WHAT YOU HAVE TO DO =>
Please say how many lines in the records below contain the word "bronze". Give only the number.

EXTRACTED MATERIAL =>
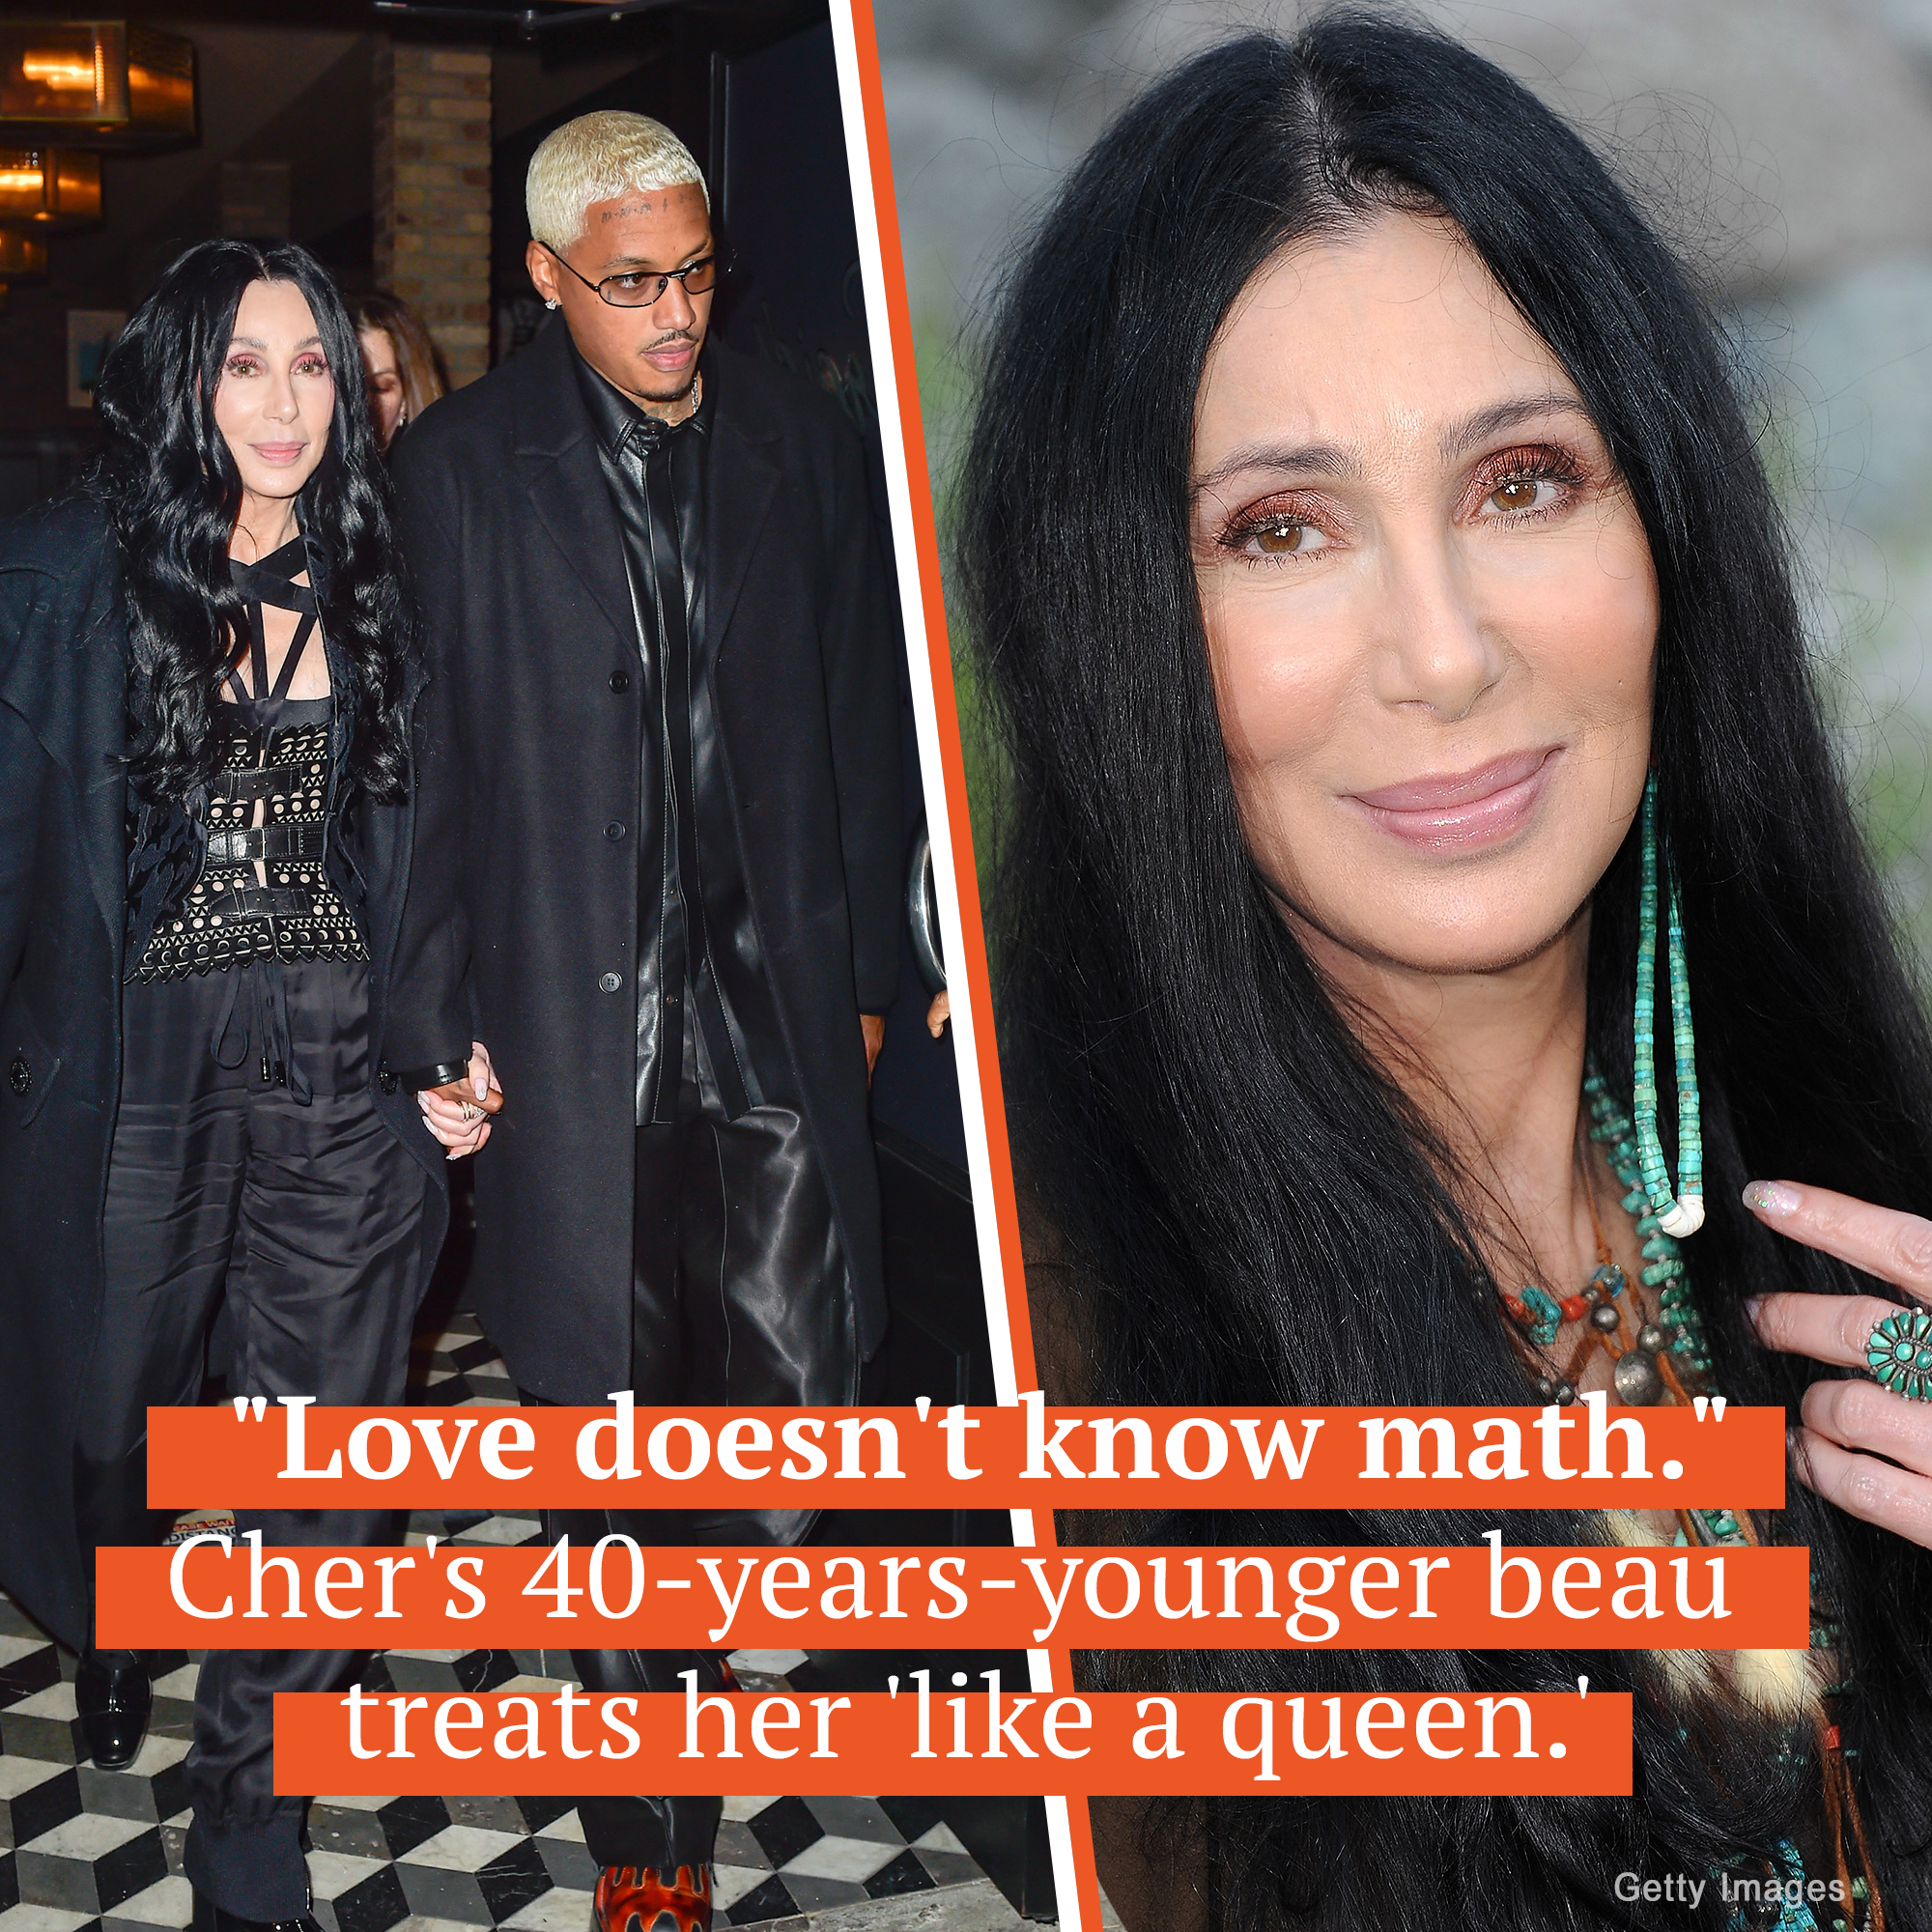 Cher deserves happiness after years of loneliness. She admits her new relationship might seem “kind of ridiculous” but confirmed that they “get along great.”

...

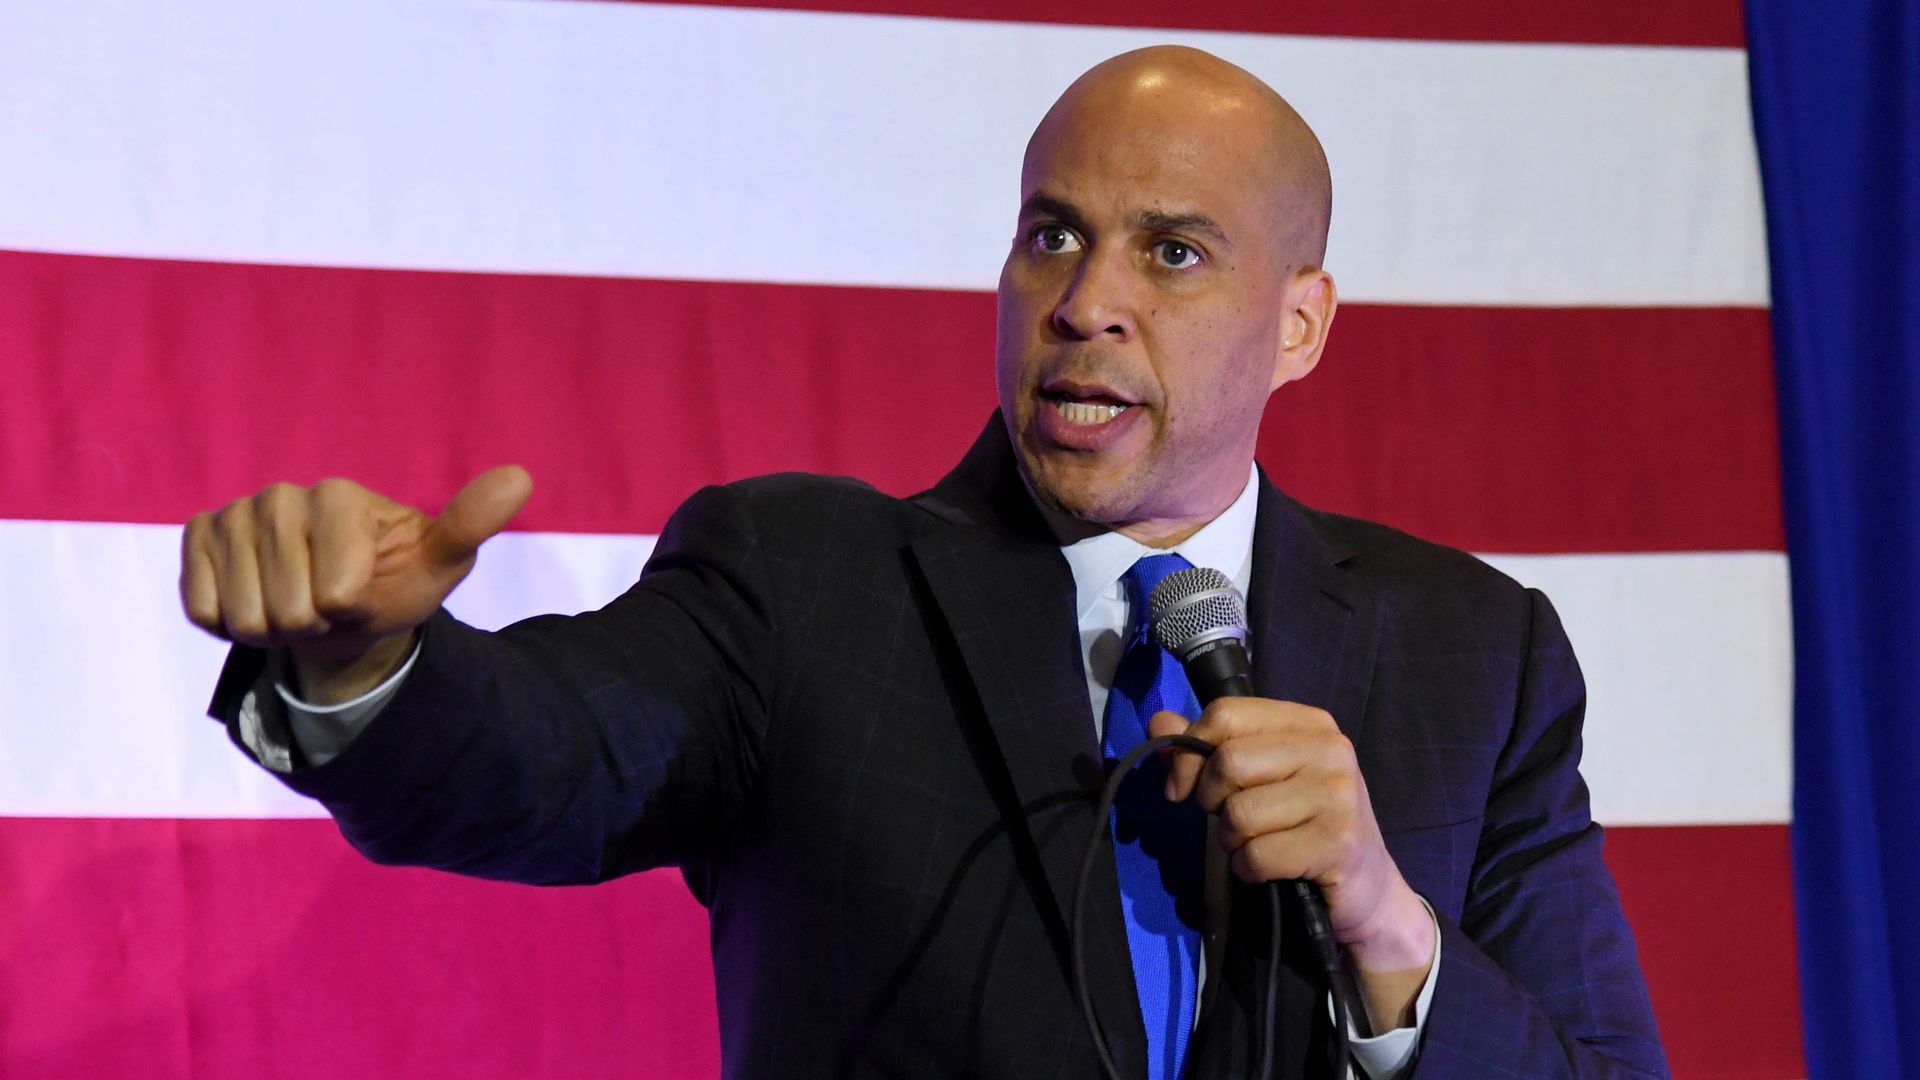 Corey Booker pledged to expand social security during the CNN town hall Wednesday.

--

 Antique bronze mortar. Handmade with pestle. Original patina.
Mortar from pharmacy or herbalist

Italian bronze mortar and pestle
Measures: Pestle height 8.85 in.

WRITTEN RESPONSE =>
2